Cody Wills

Personal information
- Born: September 26, 1990 (age 35) Harrisburg, Pennsylvania, U.S.

Team information
- Discipline: Road

Medal record
Representing the United States
Road World Championships
| Bronze medal – third place | 2026 Huntsville | Road race H2 |
| Bronze medal – third place | 2026 Huntsville | Time trial H2 |

= Cody Wills =

American cyclist (born 1990)

Cody Wills (born September 26, 1990) is an American cyclist. He has won multiple medals in the UCI Para-cycling Road World Championships and competed in the 2024 Summer Paralympics.

==Early life==
Prior to his para-cycling career, Wills competed in the Pro-Am class of the ATV Motocross National Championship. This ended on February 19, 2011 at a Motorama 2011 qualifying race, where he crashed his ATV and landed on his head, fracturing his C6 vertebra and spinal cord in the process. This event also left him paralyzed.

==Career==
In August 2023, Wills competed in the Road National Championships, where he won the road race and time trials in the H2 category, after he which took part in the Road World Championships the following month.

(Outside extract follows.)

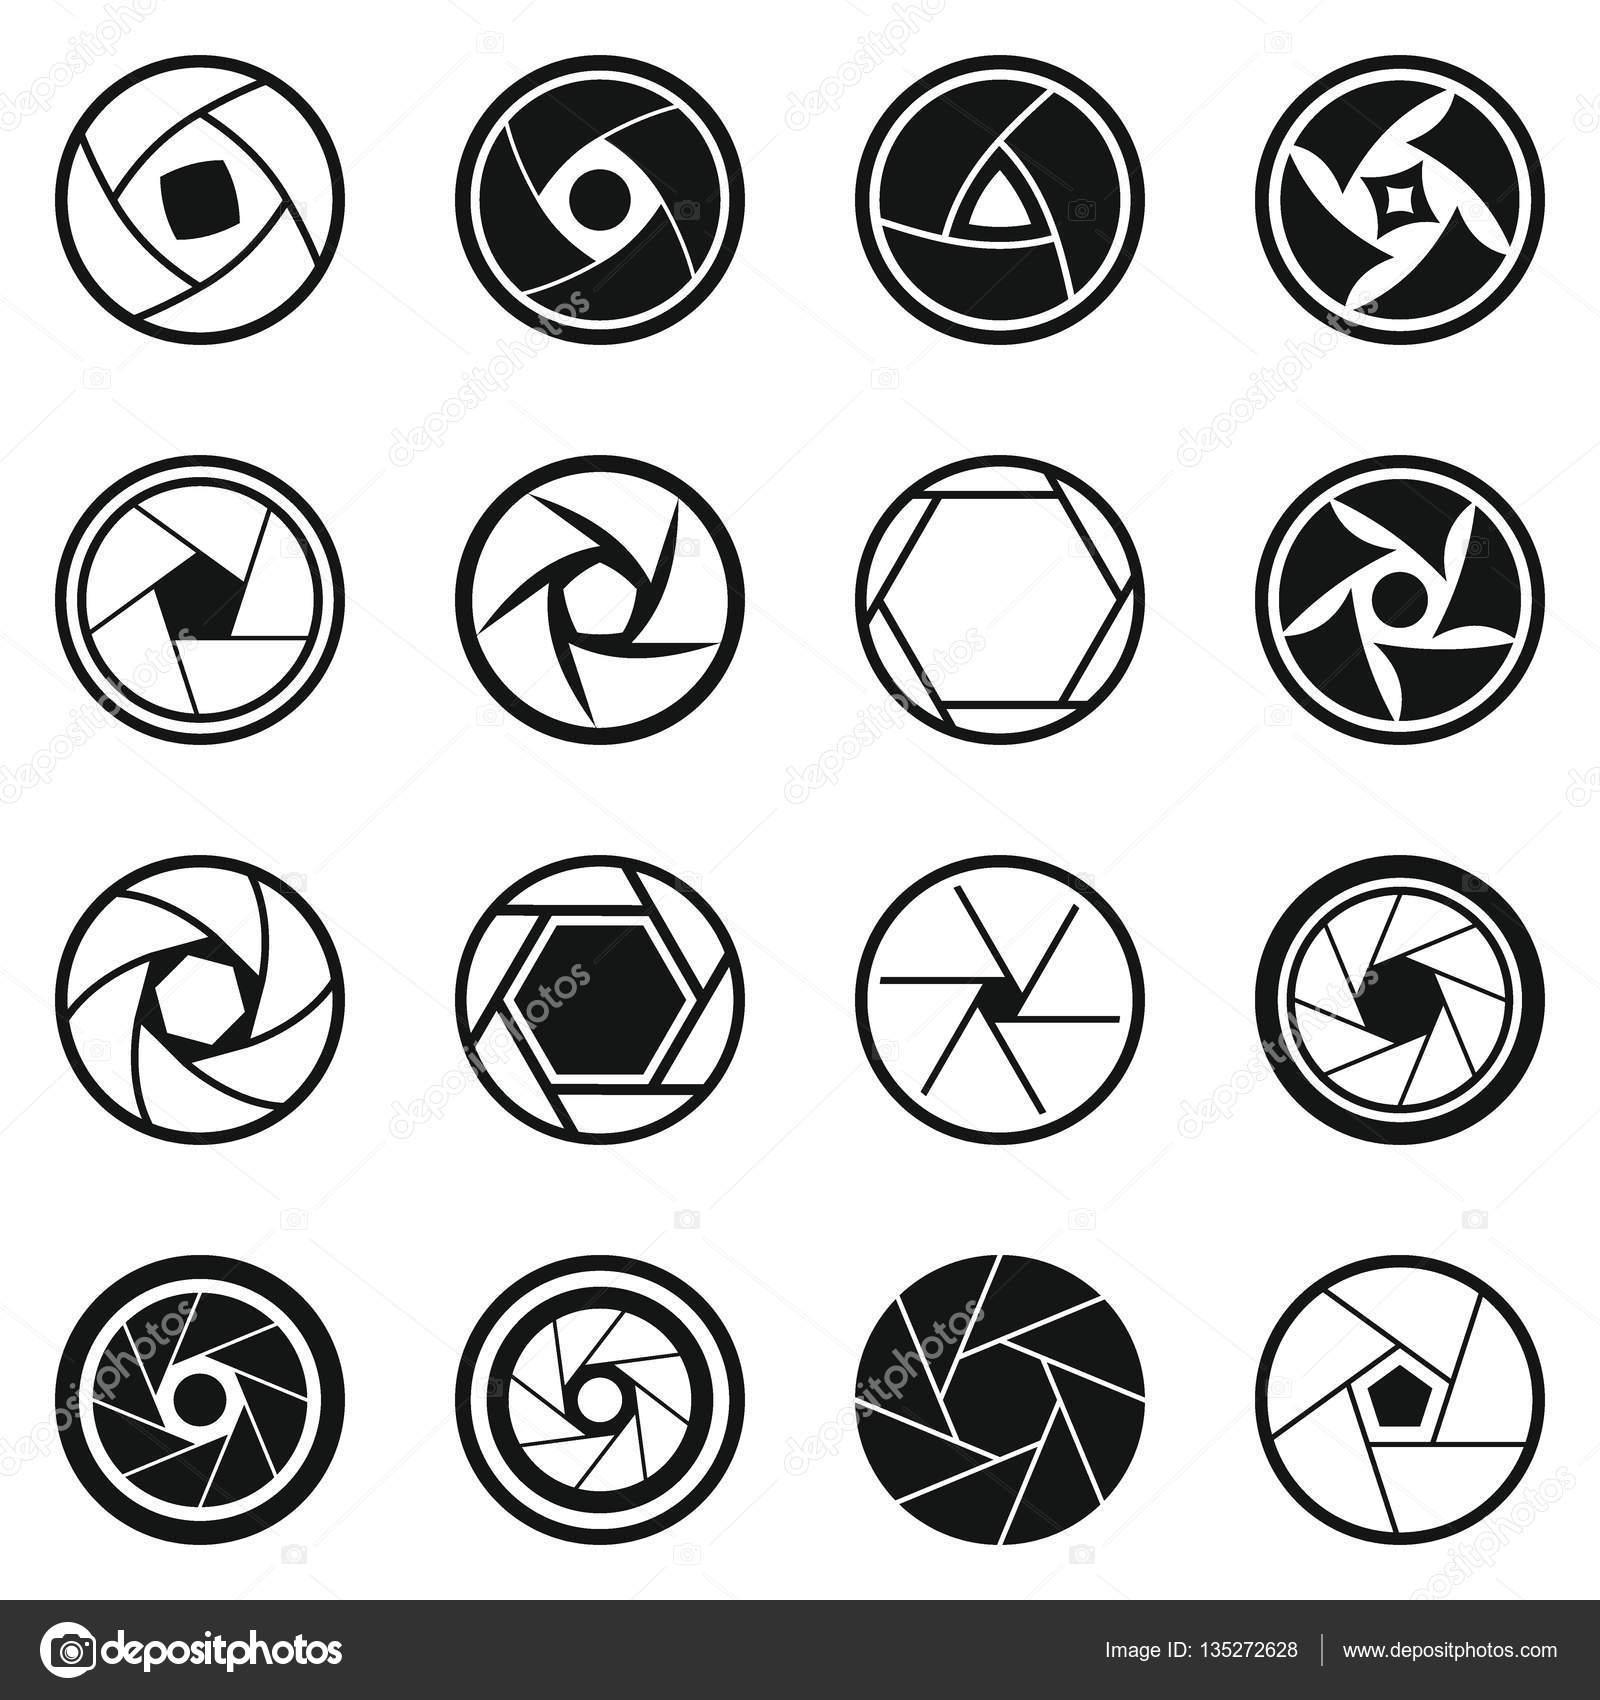 Conjunto de iconos foto diafragma, estilo simple — Archivo Imágenes ...

Wills competed at the 2024 Summer Paralympics in the road time trial H2 and race H1–2 events, finishing in sixth and fifth place respectively. He competed at the 2025 Road World Championships held in Ronse, Belgium, where he competed in the H2 road race and team relay, finishing in fifth place in both races.

In June 2026, Wills was named to the US squad for the 2026 Road World Championships held in Huntsville, Alabama. He competed there, where he won a bronze medal in both the H2 time trial and road race, which were his first medals in the championships.